AHC Opposes Proposed Changes to Child Labor Rules on Farms
Submitted by: AHC
Date Added: 12/15/2011
The American Horse Council (AHC) has opposed the Department of Labor’s (DOL) proposed new child labor regulations applicable to agriculture. The proposed rule, if adopted, would place new limitations on the ability of young people to work for pay on farms or ranches not owned solely by their parents and would effectively bar workers under 16 from working in most capacities in agriculture, especially around livestock, such as horses.

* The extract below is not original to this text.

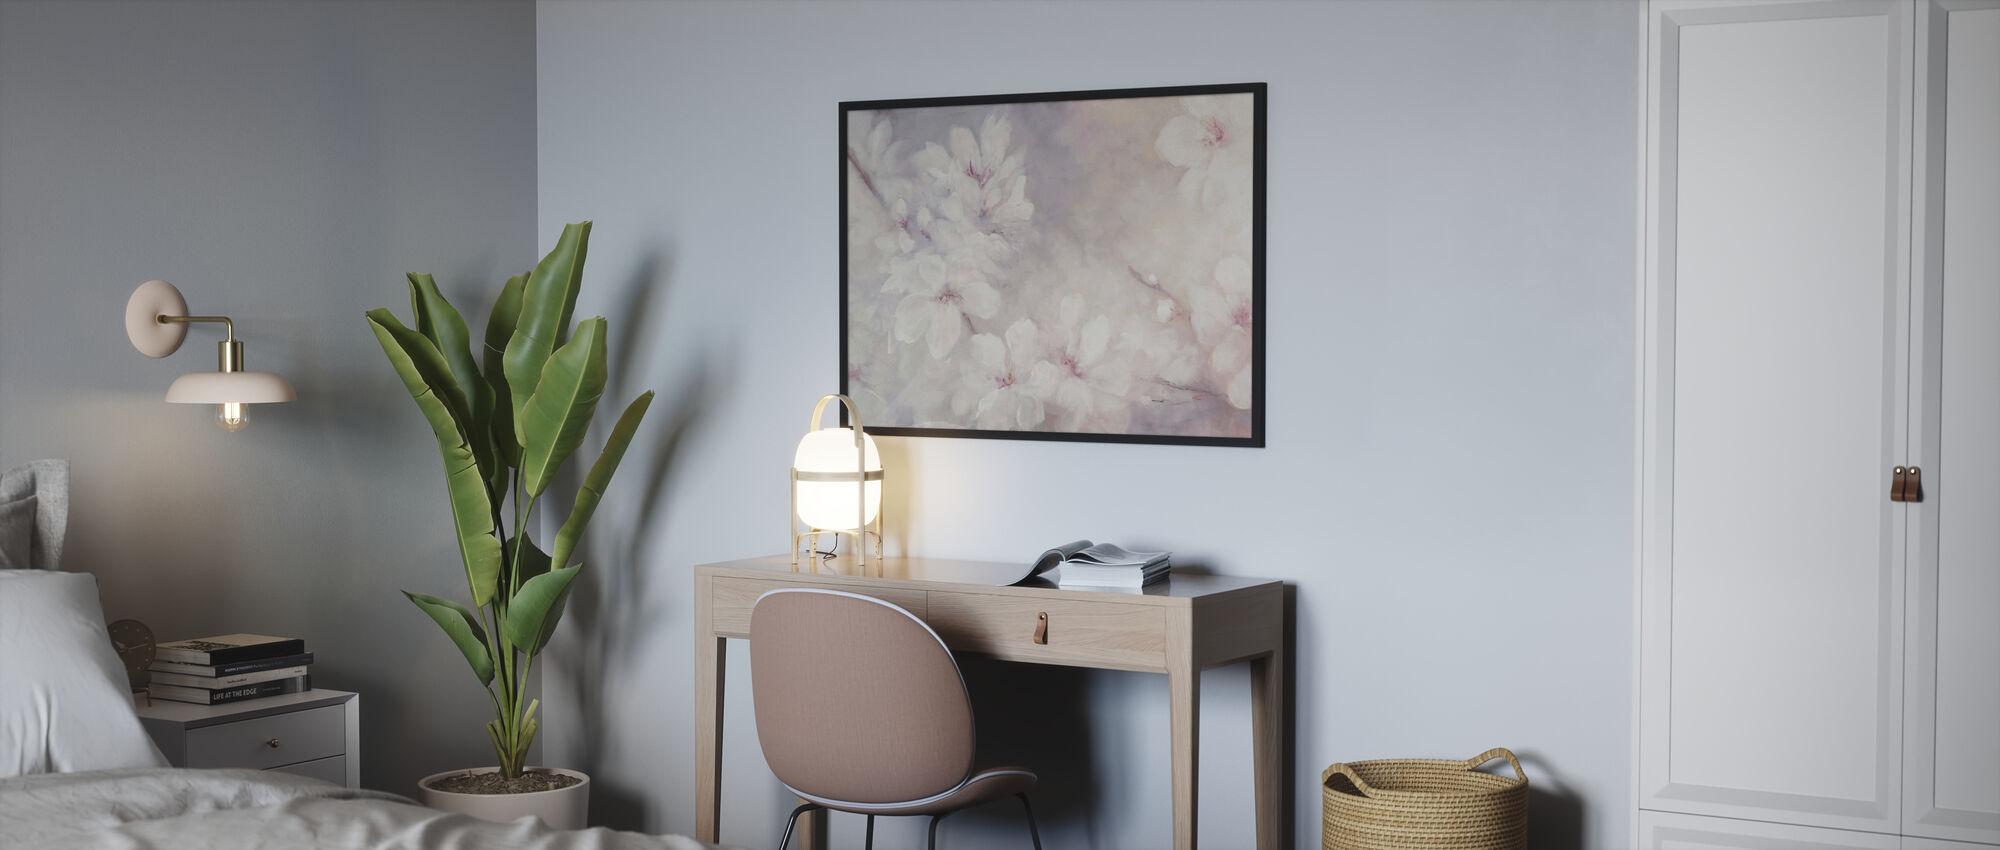 Kirschblüten Malerei - Poster - Schlafzimmer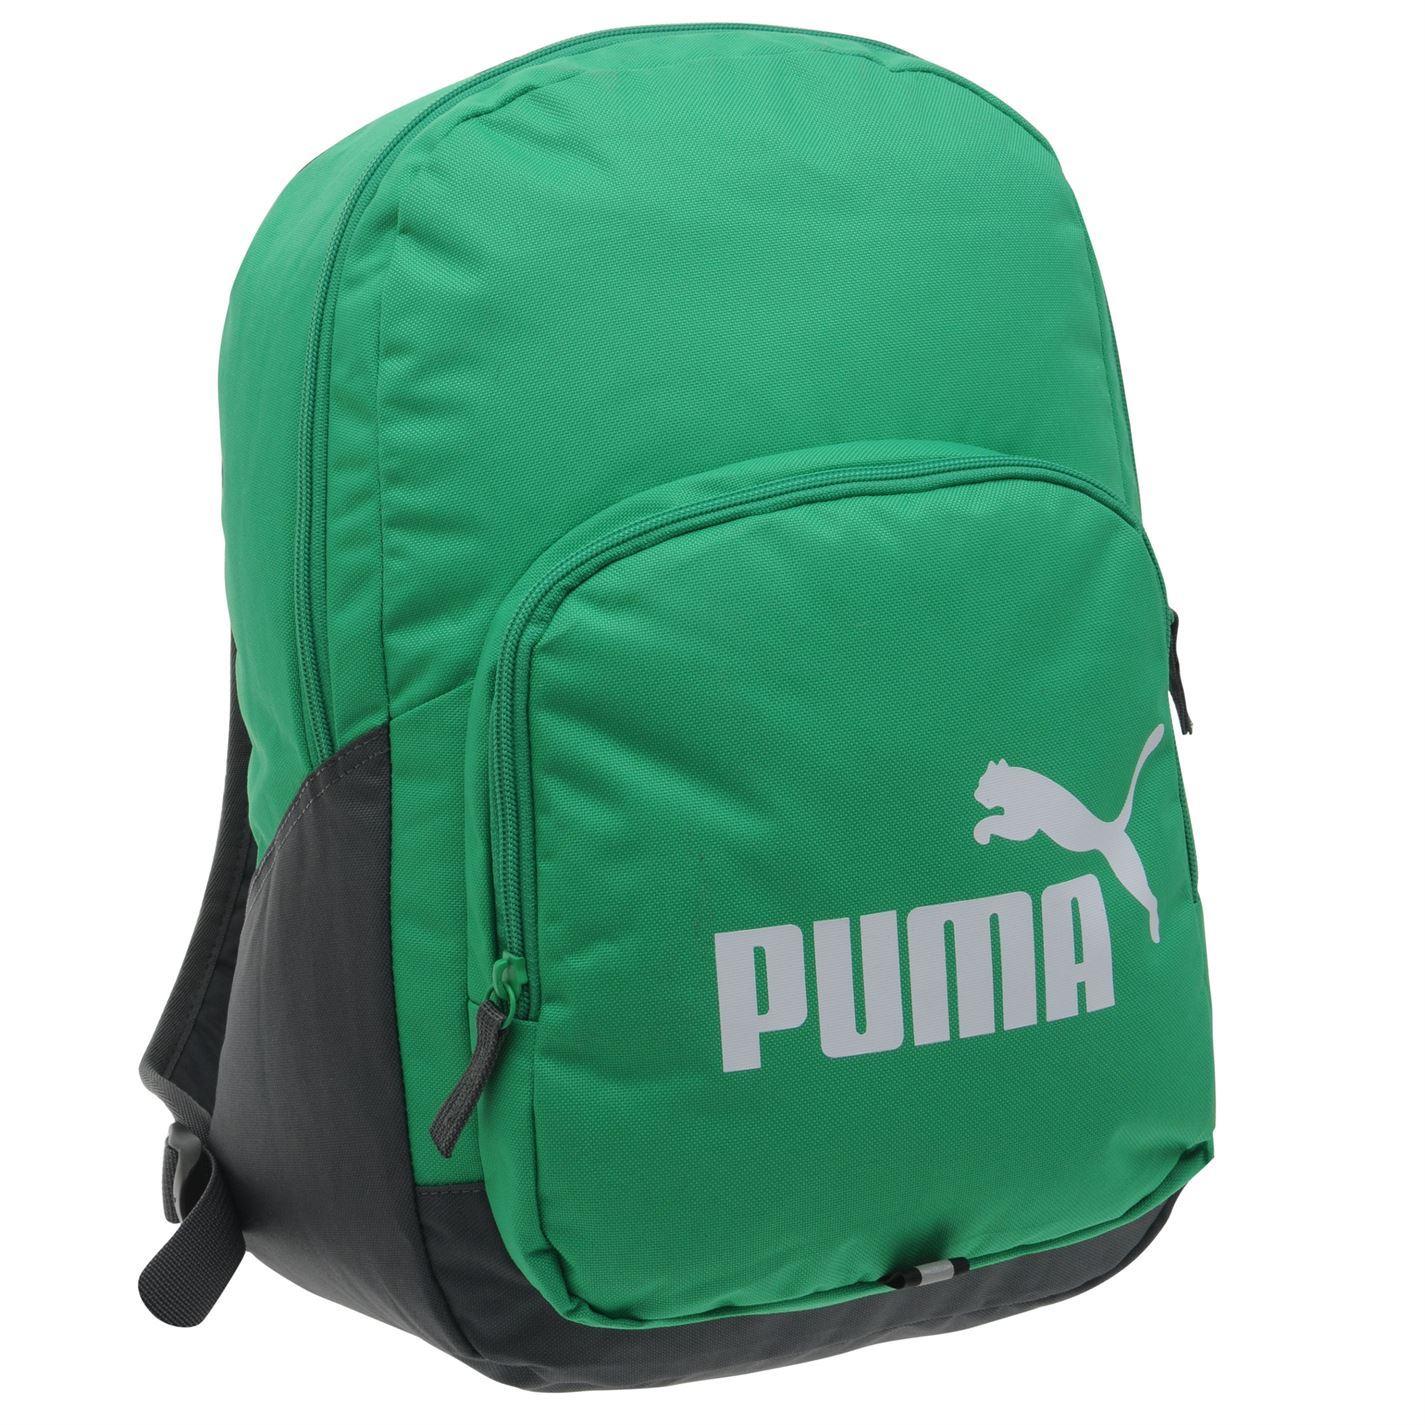 c2eabd4c0 Details about Puma Phase Backpack Green/White Bag Rucksack Holdall Carryall

“The safety of young workers is important, but these proposed rules are so broad they would keep most young people from working on horse farms and ranches at all,” said AHC President Jay Hickey. “For over 70 years Congress has explicitly allowed young people to work in agricultural because of its unique and family nature. We believe, as written, this proposed rule is contrary to Congressional intent.”
In comments submitted to the DOL the AHC focused on the parts of the proposed rule that it believes are overly broad, such as prohibitions on workers under 16 herding livestock on horseback or foot in confined spaces and engaging in most common animal husbandry practices. The AHC also highlighted the special role young people play in the horse community and raised concerns regarding new limitations on the parental exemption that could impact family farms and ranches. The complete AHC comments can be found on the AHC’s website at http://www.horsecouncil.org/sites/default/files/AHC%20%20Comments%20Child%20Labor%20Regulations_0.pdf
“Members of the horse community do not employ young people simply because they need workers. In most instances, they employ young people to give them the same opportunities they had to learn and do something they love,” said AHC Legislative Director Ben Pendergrass. “Young people don’t go to work on horse farms and ranches only for a pay check, but because of a desire to learn about and be around horses and to follow the traditions of their families. This experience often leads to later careers as veterinarians, horse trainers, breeders and farriers or other agricultural pursuits. This proposed rule would deny most young people such an experience. ”
The AHC urged the DOL to revisit the proposed rule after reviewing comments from the agricultural community and either retain existing regulations, or propose a rule that recognizes the original Congressional intent that youth be able to productively work in agriculture with adequate protections.
“This proposed rule is not acceptable to the agricultural community. Right now a bipartisan group of Senators and Congressmen are asking the DOL to withdraw this rule and start over or keep existing regulations,” said Hickey. “We support their efforts and urge all members of the horse community to contact their members of Congress and let them know they oppose this DOL proposed rule.”